Court Approves Sale of Trainor Glass Assets
in Fla., N.C., Va., and Texas to Harmon; Resolves Objection to Sale
May 31, 2012
by Penny Stacey, firstname.lastname@example.org
The U.S. Bankruptcy Court for the Northern District of Illinois
has approved the sale of substantially all of Trainor Glass' assets
in Florida, North Carolina, Virginia and Texas to Harmon Inc. for
approximately $3 million. Trainor had
motioned for authorization of the sale in mid-May.
The sale includes all machinery, equipment, tools and supplies,
"and other tangible property," according to the asset
purchase agreement filed with the court.

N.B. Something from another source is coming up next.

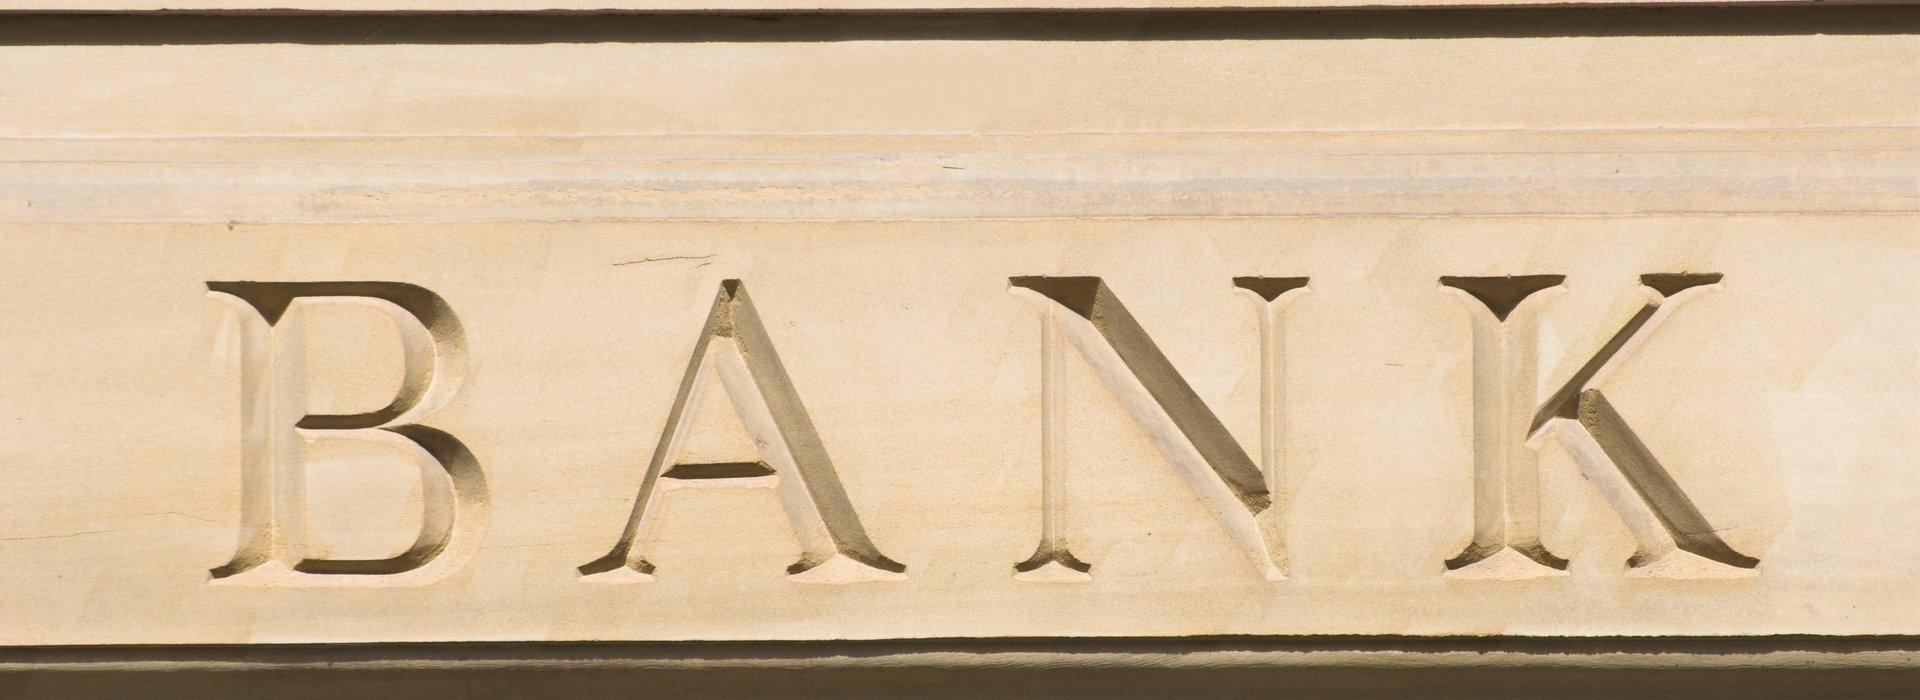 Banken in Budapest – Bank Dienstleistungen In Budapest, Ungarn

The agreement catalogs
a list of equipment and machinery included with the asset sale.
However, the sale excludes any asset not specifically identified
as a purchased asset, according to the agreement, including "any
cash, accounts inventory, goods, vehicles, boats, video conference
equipment, computer equipment, office furniture, office equipment,
and modular wall assets located in Farmers Branch, Texas, and all
assets located in New Buffalo, Mich."
The court had received one objection to the sale from Daniel Budorick
of Pecker & Abramson, representing New York-based general contractor
Skanska USA Building Inc., which had subcontracted several projects
to Trainor in the south. These included the James B. Hunt Jr. Library
at North Carolina State University, the Nemours Children's Hospital
in Orlando, Fla., and the Keohane Quadrangle at Duke University
in Durham, N.C.
The company had requested permission from the court to hire substitute
contractors to complete the work, and this request was accepted,
but, upon the filing of the motion for authorization of the sale
to Harmon, Skanska also requested that the court enter an order
"excluding certain assets from the sale order, specifically
all equipment and tools of [Trainor] that were left at any of the
In addition, Budorick requested Trainor provide a list of all the
equipment and tools left at the Skanska projects, and that the company
be permitted to use the equipment and tools until completion of
the projects, and then return to Harmon upon completion.
"The substitute contractors and/or Skanska will have to use
the equipment and tools that may have been left on the Skanska projects
by the debtor," writes Budorick.
According to the order from the court approving the sale to Harmon,
the Skanska matter was resolved, permitting the company to continue
to use the equipment and tools, and that the companies will work
out "an agreeable procedure for return of any such equipment
and tools" at the completion of the named projects.